4. A New Model of Allosteric Regulation of GPCRs by Receptor Heterodimerization
If we wanted to build a model to represent the interaction of two receptors of a GPCR heterodimer, we must first reflect further on the ternary complex model of GPCRs. A limitation of the previously described ternary complex model is that it cannot factor in the effects on affinity, efficacy, and the number of receptors in the active or the inactive state as determined by specific conformations stabilized by the binding of specific orthosteric or allosteric modulators and their affinity for different receptor states. The allosteric two state model developed by Hall in 2000 factors in the binding of a molecule at an allosteric site on a receptor that switches between inactive and active conformations (Figure 4) . Although Hall's model referred to ligands as allosteric modulators, we focus here on the notion that other receptors also may serve as allosteric modulators of GPCRs via receptor heterodimerization.

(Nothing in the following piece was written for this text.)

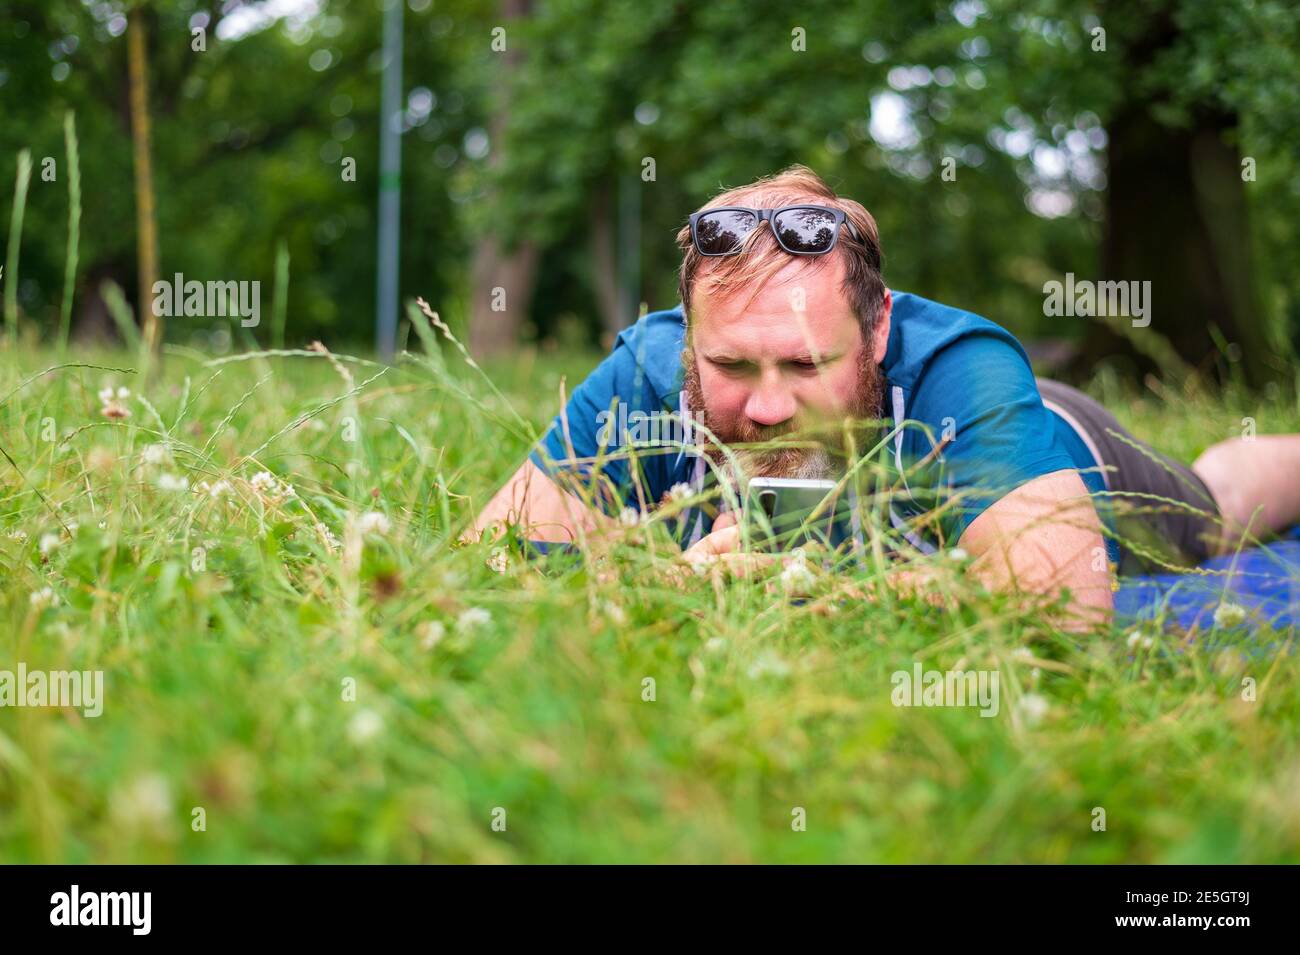 Erwachsener Mann hält Smartphone, während auf grünem Gras in liegen Stadtpark Stockfoto

Using the B2R and β2AR as an example of a GPCR heterodimer, we propose a model that takes into account three different pools of receptors: B2R (monomers and homodimers combined), β2AR (monomers and homodimers combined), and B2R/β2AR heterodimers; monomers and homodimers are treated the same in order to avoid overly complicating the scheme. As shown in Figure 5A, we can first model either B2R (B) or β2AR (β) using the DeLean ternary complex model, in which the receptors fluctuating back and forth between inactive and active (*) conformations can bind their ligands bradykinin (bk in this figure) or isoproterenol (a in this figure), respectively, and thus activate their G protein pathway cascades, leading to stimuli SB or Sβ.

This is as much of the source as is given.